Implement backup encryption — backup files often contain sensitive data. Encrypt with GPG or use your cloud provider's KMS-managed encryption.

3

Set up a read replica in a separate region — serves as both a disaster recovery target and reduces read load on primary.

4

pg_dump --schema-only exports just the schema without data — invaluable for quickly spinning up a fresh environment or comparing schema versions.

⚖️ Backup Types — Trade-offs

FeatureFullIncrementalDifferentialPITR
Backup sizeLargestSmallestMediumMedium + WAL logs
Backup speedSlowestFastestMediumContinuous
Restore complexitySimpleHigh — replay all incrementsMedium — full + latest diffAny point in time
Restore speedFastSlowMediumVaries by target time
Recovery granularitySnapshot onlySnapshot onlySnapshot onlyAny second
Best used forWeekly full backupDaily deltasDaily delta v2Production standard

Common Developer Pitfalls

!

Never testing backups — discovering they're corrupt or incomplete during a crisis is far too late.

!

Storing backups in the same location as the database — a single failure (fire, ransomware, account compromise) destroys both.

!

Not monitoring backup jobs — a silent failure means you think you have backups but you don't (the GitLab incident).

!

Ignoring the restore time — a 1TB backup that takes 6 hours to restore is useless if your RTO is 2 hours.

Interview Mastery

RPO (Recovery Point Objective) is the maximum amount of data loss acceptable — measured in time. RPO = 1 hour means you can tolerate losing at most 1 hour of data. This drives backup frequency (hourly backups for RPO = 1 hour). RTO (Recovery Time Objective) is the maximum acceptable downtime before the system must be operational again. RTO = 4 hours means the database must be restored within 4 hours of an incident. This drives your recovery process speed and whether you need hot standby replicas.

PITR allows restoring a database to any specific moment in time — not just the last backup. It works by: (1) taking a full base backup periodically, (2) continuously archiving the transaction log (WAL in PostgreSQL, binary log in MySQL) to a separate location. During recovery, you restore the base backup then replay all WAL/binlog records up to your desired timestamp. This means if someone accidentally deleted data at 3:42 PM, you can restore to 3:41 PM — just 1 minute of data loss.

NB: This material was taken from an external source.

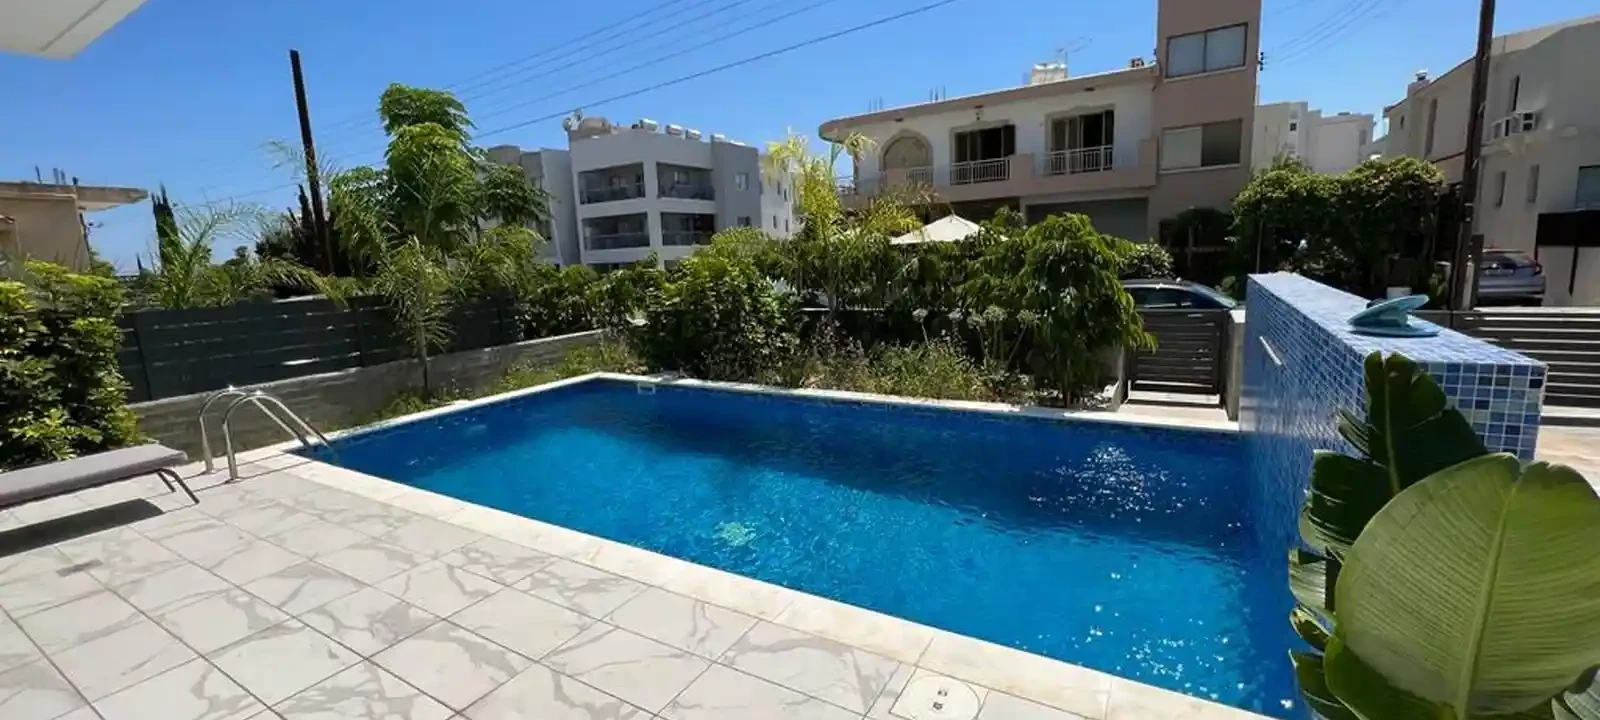 3-bedroom villa to rent €2.800, image 1

The 3-2-1 rule: keep 3 total copies of data (1 primary + 2 backups), store backups on 2 different types of storage media (e.g., local disk + cloud), and keep 1 copy offsite (geographically separate). This ensures that no single failure — hardware failure, fire, flood, ransomware attack — can destroy all copies simultaneously.

Real-World Blueprint

"In 2017, GitLab accidentally deleted their production database during a maintenance operation. The incident revealed their backup system had been silently failing for months — they had no working backups. Recovery took 18 hours of manual data reconstruction from fragments. They recovered ~6 hours of data permanently lost. GitLab then published a public post-mortem and rebuilt their entire backup/DR process from scratch. The lesson: test your backups regularly, don't just assume they work."

Hands-on Lab Exercises

1

Set up automated daily mysqldump backups with a cron job. Verify the file is created and is non-zero size.

2

Practice a full restore: take a backup, create a test database, restore the backup to it, verify the data matches.

3

Enable PostgreSQL WAL archiving and perform a point-in-time recovery: make changes, wait 2 minutes, then restore to 1 minute ago.

4

Write a backup monitoring script that alerts you if a backup file hasn't been created in the last 25 hours.

Real-World Practice Scenarios

A developer ran UPDATE users SET role = 'admin' without a WHERE clause — every user is now an admin. You need to fix this. What's your recovery plan and how long will it take?

Your company's RPO is 4 hours and RTO is 2 hours. Design a backup strategy that meets both requirements.

Your database backup files are stored in the same AWS account as the production database. A security breach compromises the account. Why is this a problem, and how should backups be isolated?

You restored from backup and the data is from 6 hours ago, but you need the last 5 hours. What process (if you had set it up in advance) could recover this data?